Good for you for helping him. What have you been feeding him, and what method have you been using? You should only feed him after his crop has emptied. If you don't wait for it to empty, then you are adding new food to old, and it can cause problems within the crop. Fill his crop up like a soft little bean bag. Soft but not packed hard, then wait for it to empty before feeding again. He must be kept very warm in order to digest the food. The garage may get too cool at night. A heating pad set on Low and put under the nest would help, and covering the cage with a towel. The parents would be sitting on him and keeping him warm at night. In nature the parents would be weaning him at around a month old. But you can start the process in another week. A good way is by thawing and warming frozen peas under warm running water. Hold him on your lap and against your body. Open his beak, and put in a pea. Push it to the back of his throat and over the tongue. Let go of his beak and he will swallow it. At 3 weeks, you can probably give about 30 peas maybe 3 times a day, if his crop has emptied. If not, then wait till it does. Can you post a picture of the baby?


----------



## Bingo (Sep 1, 2014)

*Feeding.....*

Jay3, Thank you for your reply. Attached are a photo from Saturday in his straw nest and today outdoors on the deck. We have been feeding him Kaytee Exact baby bird food by hand and just today I purchased Dove/Pigeon seed and "he" has been eating some of the smaller sized millet out of our hand. I also have some starter grit but haven't introduced that to him as of yet. I also haven't yet had him drink water from a container, he's getting most of it from his baby food.. We notice he has difficulty getting around and his right leg seems to have been injured in his fall from the nest. I took a photo of his leg for advice. It may be too late to try anything with the leg?


----------



## Skyeking (Jan 17, 2003)

*Thank you for helping.

Does he walk on the leg?

Can you take another clear picture with the leg unfolded?

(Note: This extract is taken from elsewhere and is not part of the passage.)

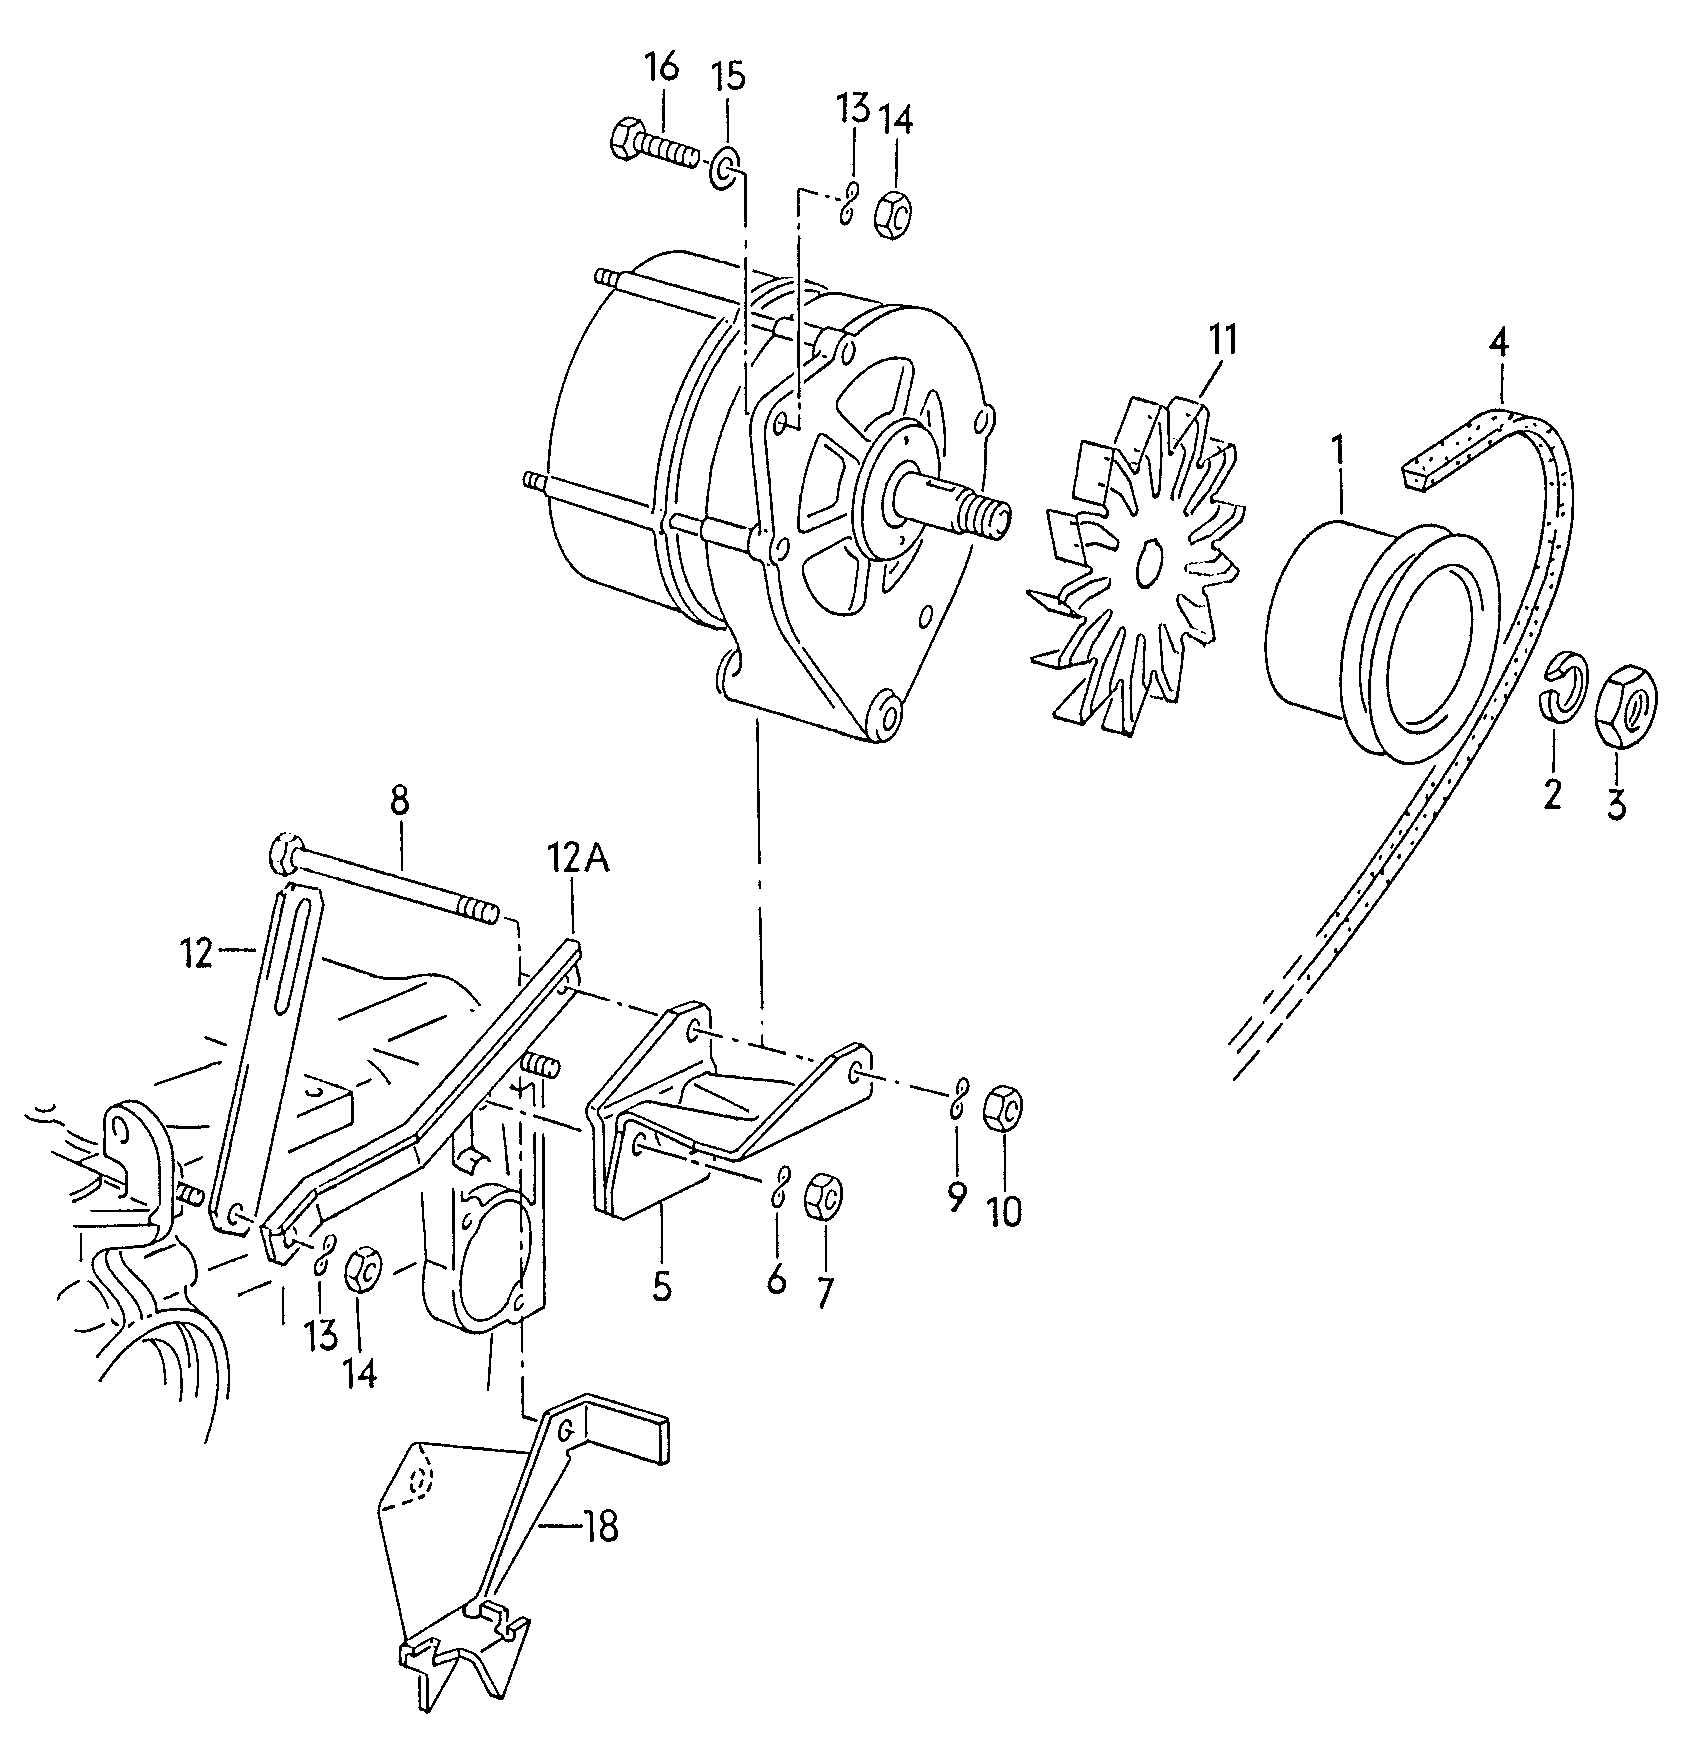 Befestigungsteile fuer Dreh-
stromgenerator - Typ 2/syncro(T2)

If the youngster has started finding an interest in seed, you can put the seed in a spill proof deep dish and leave it with him so he can practice. Also try gently dipping his beak (not nostrils) in water he may be interested.

You can hand feed peas, it is less messy. 

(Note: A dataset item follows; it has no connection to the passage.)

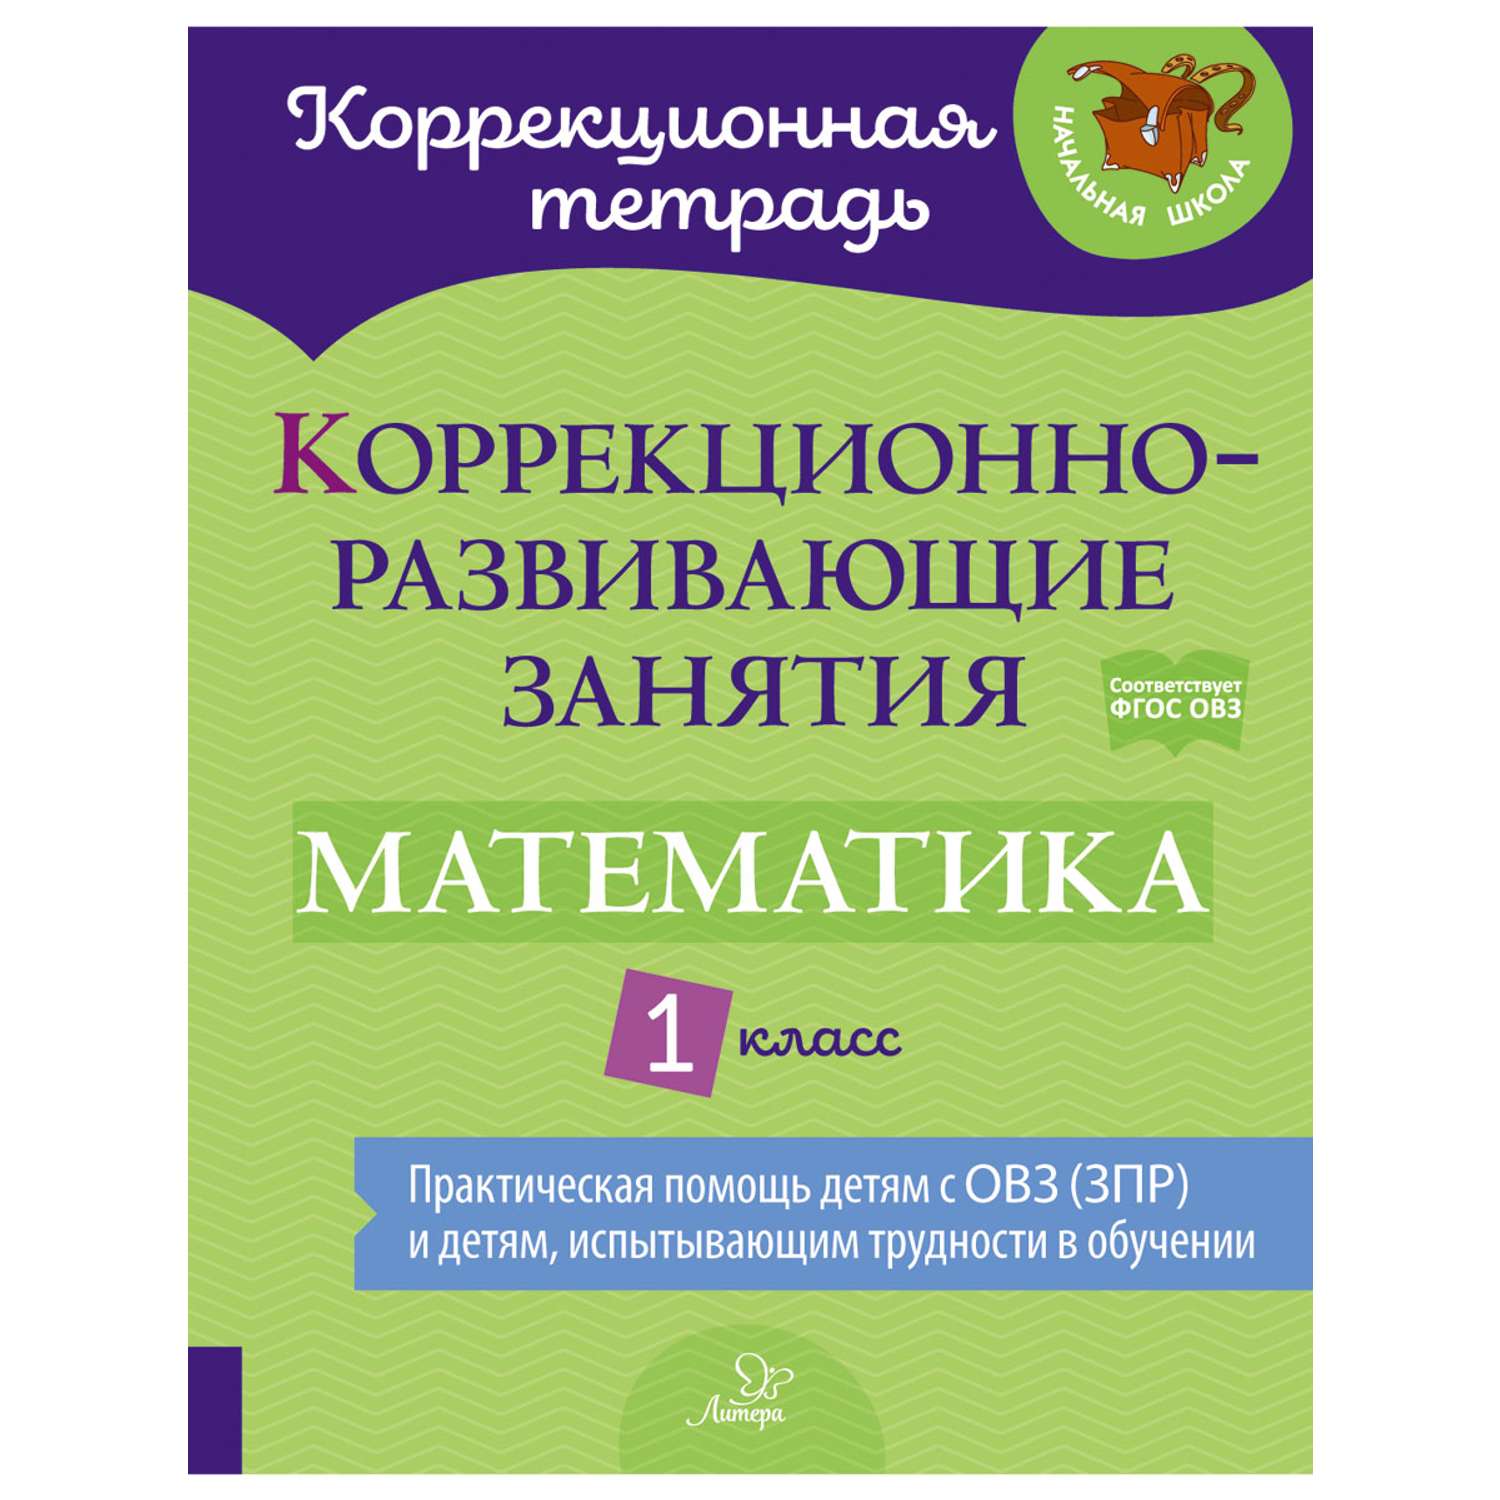 Книга ИД Литера Коррекционно-развивающие занятия. Математика. 1 класс - фото 1

Here is a wonderful link with lots of helpful info on raising youngsters/babies.  http://www.pigeonrescue.co.uk/caringforababypigeon.htm

*


----------



## Bingo (Sep 1, 2014)

*injured leg w/photo*

Yes he does walk on it but with difficulty. It appears to be swollen and is angled rearwards below the upper joint. You may see it in the photo but it was difficult to get a good representation of my description, sorry. Thank you for the info of feeding of thawed frozen pea's. We bought a package and will try feeding him pea's when his crop is empty later this evening. I have gently dipped the tip of his beak into water but he hasn't caught on the practice of drinking on his own yet. The garage where we've been keeping him is warm at night, it's insulated and heated. He stay's on a bed of clean straw in an 11" x 16" box designed as a litter box for cats, so he can't fall out. We keep it partially covered to retain his warmth and give him a sense of security which he seems to appreciate. It's the best I could come up with on short notice but plan to build a proper coop when necessary. He regularly flaps his wings and squeaks when we remove the lid and feed him. He is a real joy to see eat and grow. Thank you again for your help!


----------



## Skyeking (Jan 17, 2003)

*The youngster should be seen by an avian vet and may need antibiotics, depending on exactly what that is. 

If it is swollen like there is a boil-that would require antibiotics, if there is actual trauma from a fall there would be swelling or bruising, or a broken bone or joint, and may need to be repaired.

I would also give the youngster calcium/D3 supplement.

*


----------



## Feefo (Feb 8, 2002)

It looks as if he could do with painkillers/anti inflammatory. Metacam Cat is suitable for pigeons At that age I would put a drop of metacam cat in a small amount if water(eg 0.2 mls) and give him half the solution (0.1 ml)

To get the dried food off him you can use a sterile saline solution from Boots. That dissolves the hard bits really quickly.

Grove Lodge Vets in Brighton were recommended as pigeon friendly but I always worry about the speed with which many vets recommend euthanasia. If that ever happens to you, ask for time to think about it then ask for advice from a pigeon rescue group.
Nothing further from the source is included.